Jeff West school board sends $3.6 million bond issue to voters
by Clarke Davis
Members of the Jefferson West Board of Education unanimously voted to submit a $3.6 million bond issue to USD 340 voters when they met Sunday night.
The election will be April 3.
The bonds will be for a period of eight years and require an ad valorem tax levy of about 8 mills or about 1 mill less than taxpayers have been paying on the high school bonds that will be retired this year. Figures presented indicate a person with a house valued at $100,000 would pay $7.73 a month if the bond issue passes. They are currently paying $8.87.
The meeting was attended by 10 or 12 patrons, most of whom are members of a committee that has been studying the district’s needs since September and produced the list of needs.
Tonya Holthaus, chairwoman of the bond committee, addressed the board and presented the committee’s recommendations.
It will be this committee’s job to sell the bond issue to patrons. The school board made it clear that it can provide information, but it cannot spend money to promote its passage.
“These are all needs. I don’t see many wishes on this list,” board President Jeff Van Petten said.
That list is broken into four categories: 1) Infrastructure or basic repairs and electrical ugrades for the buildings including a roof on the high school, $815,000; 2) Technology upgrades in all three buildings along with iPads and laptops, $1.588 million; 3) Facilities replacement. A 40-by-140-foot building to house a locker room, restrooms, and concession stand at the football field, $520,000; and 4) Facilities upgrade: resurface track. stadium lights, reseed football field, restroom and concessions stand at baseball field, etc., $995,000.

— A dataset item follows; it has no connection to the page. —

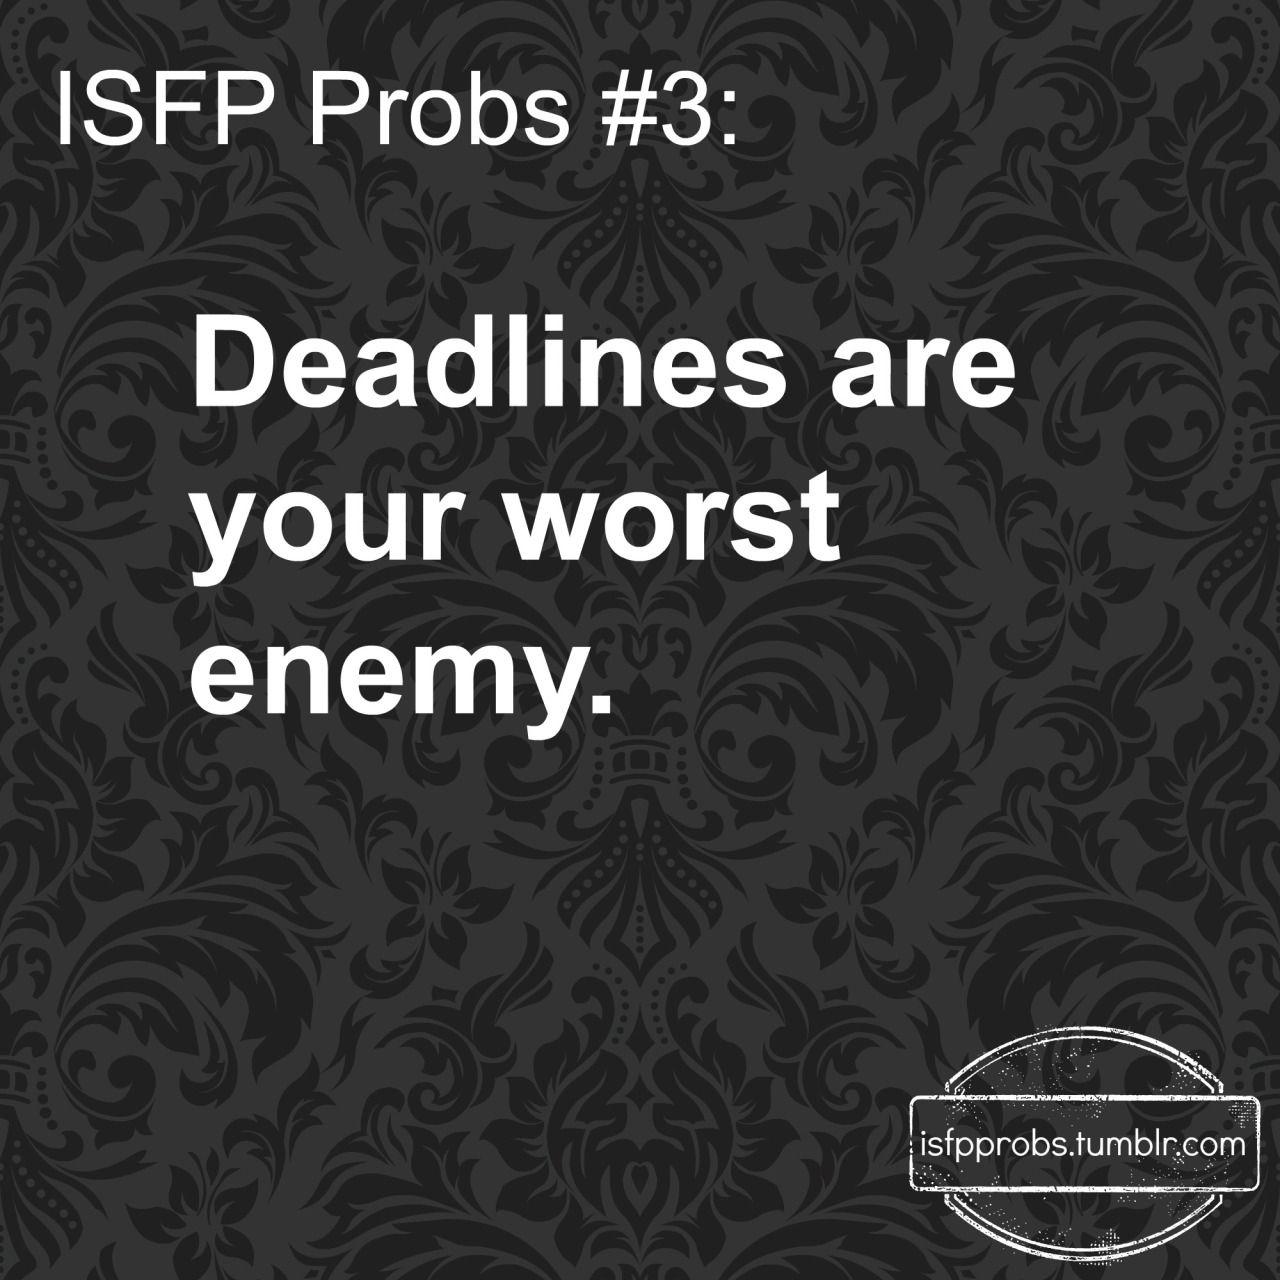 ISFP Probs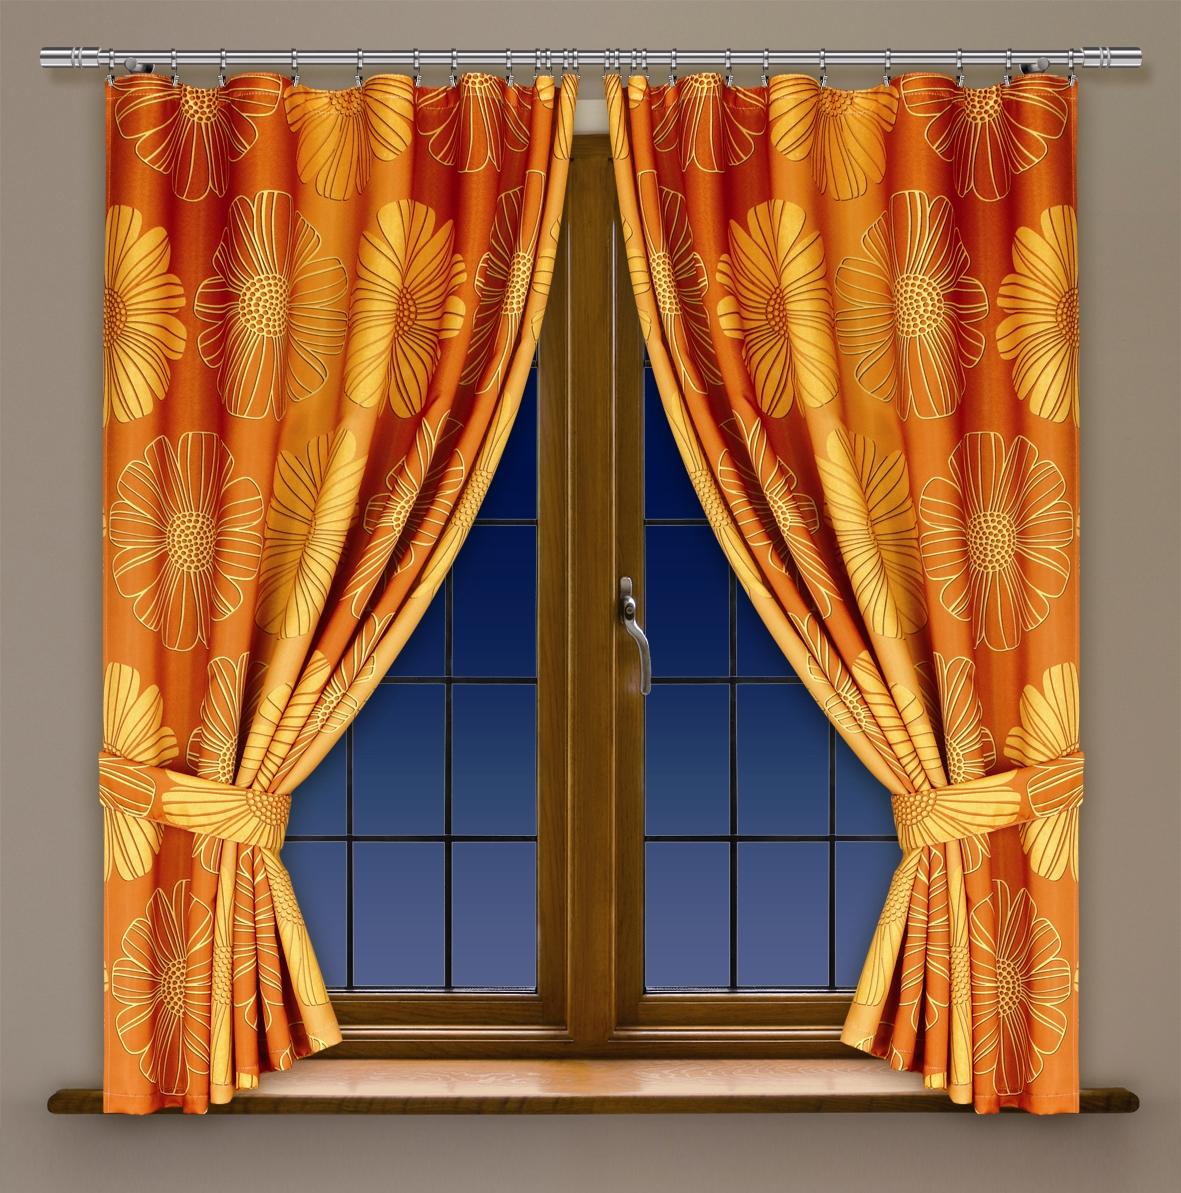 Комплект шторд для кухни HAFT 170*160*2. 201492/170201492/170Комплект шторд для кухни XAFT 170*160*2. 201492/170Материал: 100% п/э, размер: 170*160*2, цвет: оранжевый

Van Petten expressed concerns the board had at the Jan. 9 meeting and Superintendent Pat Happer said he submitted a revised list that cut some costs
“We trimmed the size of the building that will house the locker rooms and concession stand,” Happer said.
He also came up with figures the district has been spending for technology each year through lease-purchase agreements and upgrades out of capital outlay. He said the bond money will not only put the district well ahead in technology but help make the anual upgrades more affordable in the future.
Timing of the election is believed crucial because bond issues passed under current school law will be supported by state funds amounting to 40 percent. The governor has proposed changing the school finance structure and under his plan the state would no longer help pay for these bond issues, leaving the entire cost up to local taxpayers. The Legislature has not acted on that proposal, however.
Board member Shannon McMahon said she got on the telephone and called patrons because she was not hearing much. She voiced her opinion, noting the importance of having an up-to-date educational program to keep people here and attract people to the district.
Holthaus echoed the same sentiments in addressing the board.
“This is not just for the school,” she said. “It’s for the future of this community . . . to bring new business and keep the value up on homes.”
Member Scott Gibson made the motion to hold the bond election and read the resolution that the board was required to adopt to put the wheels in motion.
It’s now up to the bond committee to get people informed and encourage a positive outcome. The board members thanked the committee for its work to point.
Holthaus said the committee would now begin to work on getting patrons registered to vote, develop a web site, do a mailing, and go door to door to get people informed and to the polls.
McMahon expressed her worries that there is too much misinformation being circulated and told the committee members she hoped they could reach these people with the right information.